Um clássico para o título

A conjuntura seria mais perfeita se este jogo fosse de título para ambas as equipas, no entanto, o título está mais do que do lado dos portistas, restando saber quando e onde é que os comandados de André Villas-Boas vão fazer a festa. O estádio da Luz é o primeiro local onde uma vitória portista poderá levar às ruas do Porto milhares de adeptos em celebração pela reconquista do título, no entanto, do outro lado vão encontrar o único adversário português à altura do futebol do Porto. Jorge Jesus promete jogar com um Benfica de ataque, distinto daquele que conseguiu vencer no Dragão para a Taça de Portugal. Se nos lembrarmos desse último clássico entre dragões e águias, recordamos um Porto sem ideias e com futebol previsível, frente a um Benfica concentrado e muito bem posicionado em todo o relvado. Um jogo sem falhas da parte dos ainda campeões nacionais, exceptuado a expulsão de Fábio Coentrão.

Para o jogo de amanhã o factor casa poderá levar o Benfica a adoptar uma postura mais dominadora no encontro, ou pelo menos, tentar dominar. Do outro lado, o Porto em franco crescendo de forma, terá como primeira tarefa entrar no jogo concentrado e abstraído do circo que se montou em torno deste jogo, uma vergonha para o futebol português. A violência não passa ao lado dos jogadores, sendo que na primeira volta do campeonato o Benfica foi extremamente ameaçado por actos de violência de fanáticos adversários que, em certa parte, explicam o desvario que foi plasmado no relvado, com um 5-0 final histórico. Nestes dias que antecederam o clássico de amanhã, dirigentes encarnados e portistas voltaram a abrir a ferida da violência, cabendo-nos apenas esperar que nada de grave aconteça amanhã e que a rivalidade se cinja ao jogo de futebol.

Para Villas-Boas surge uma boa dor de cabeça para este jogo, face ao futebol que Guarín tem demonstrado nos últimos tempos. A sua colocação em campo em detrimento de Bellushi no onze inicial não será descabida, no entanto, um Benfica mais ofensivo poderia abrir mais espaços na retaguarda que poderiam ser aproveitados com a superior leitura de jogo do argentino.
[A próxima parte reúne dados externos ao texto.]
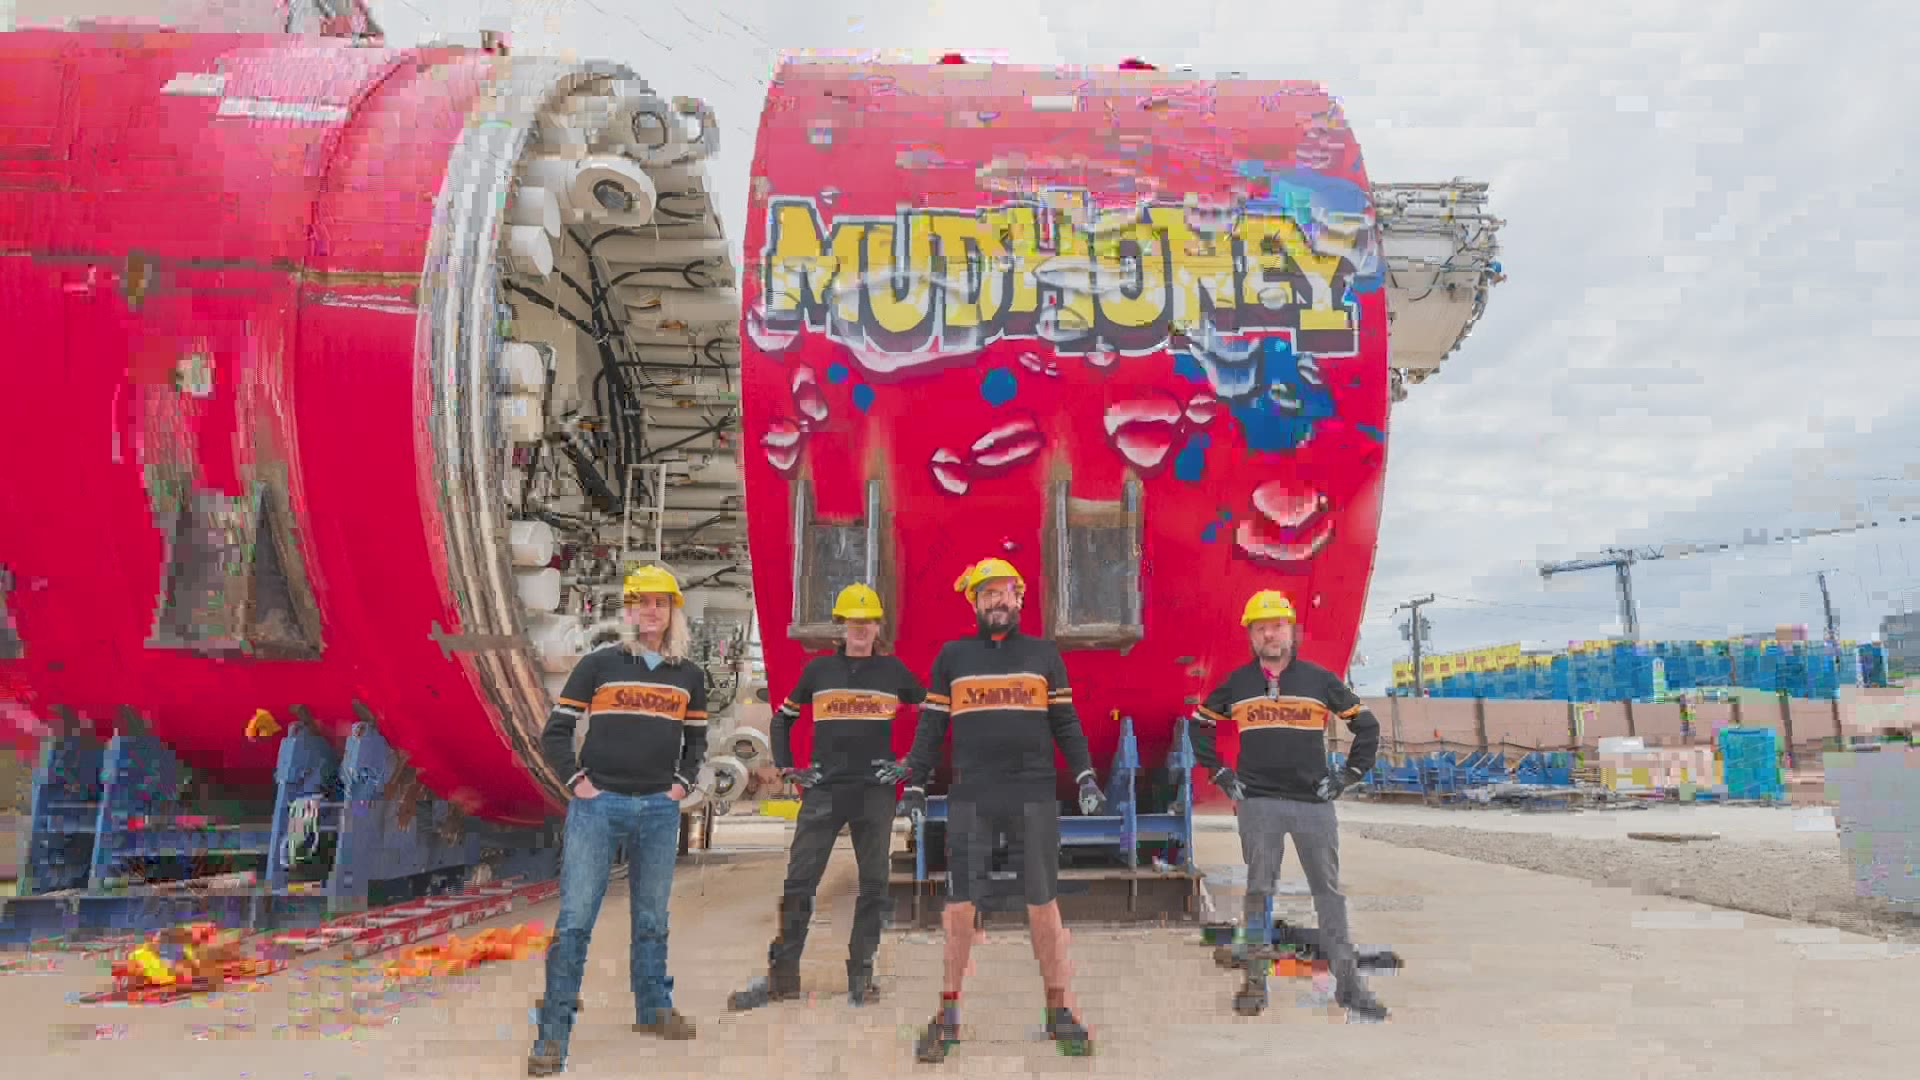 The public voted on five choices for the tunnel boring machine's name, including Sir Digs-A-Lot, Molly the Mole and the winner, Mudhoney.

Sem dúvida que problemas destes todos os treinadores desejam. Jorge Jesus terá de saber gerir bem o momento dos seus jogadores. Tal como referimos anteriormente, o Benfica apresenta-se numa trajectória descendente após o apogeu de 18 vitórias consecutivas em todas as competições. Será que amanhã Jesus terá os jogadores do Benfica que jogaram em Paços de Ferreira, ou os que receberam o PSG na Luz? Apesar de ambos os jogos o Benfica ter vencido, é evidente que uma exibição frente ao Porto igual à que vergou os franceses por 2-1 será insuficiente para travar a festa portista, tal a qualidade do conjunto azul. A nossa aposta vai para uma vitória do Porto, uma vez que é a única equipa que corre face a um objectivo concreto, a um título, a uma vingança ante um rival que na época anterior sentenciou o insucesso do Porto no estádio da Luz, com a polémica suspensão de Hulk e Sapunaru. Ao Benfica resta-lhe defender a sua honra e não permitir a festa dos seus adversários em plena casa da águia, retribuindo ao Porto a receita aplicada pelos dragões na época passada que não permitiram a festa do Benfica no Dragão. Assim, a melhor qualidade do futebol do Porto face ao do Benfica (também muito bom, diga-se) aliada ao sentimento de conquista, serão as bases para o triunfo portista de amanhã. Ou será que os jogadores do Benfica terão um último grito de campeões?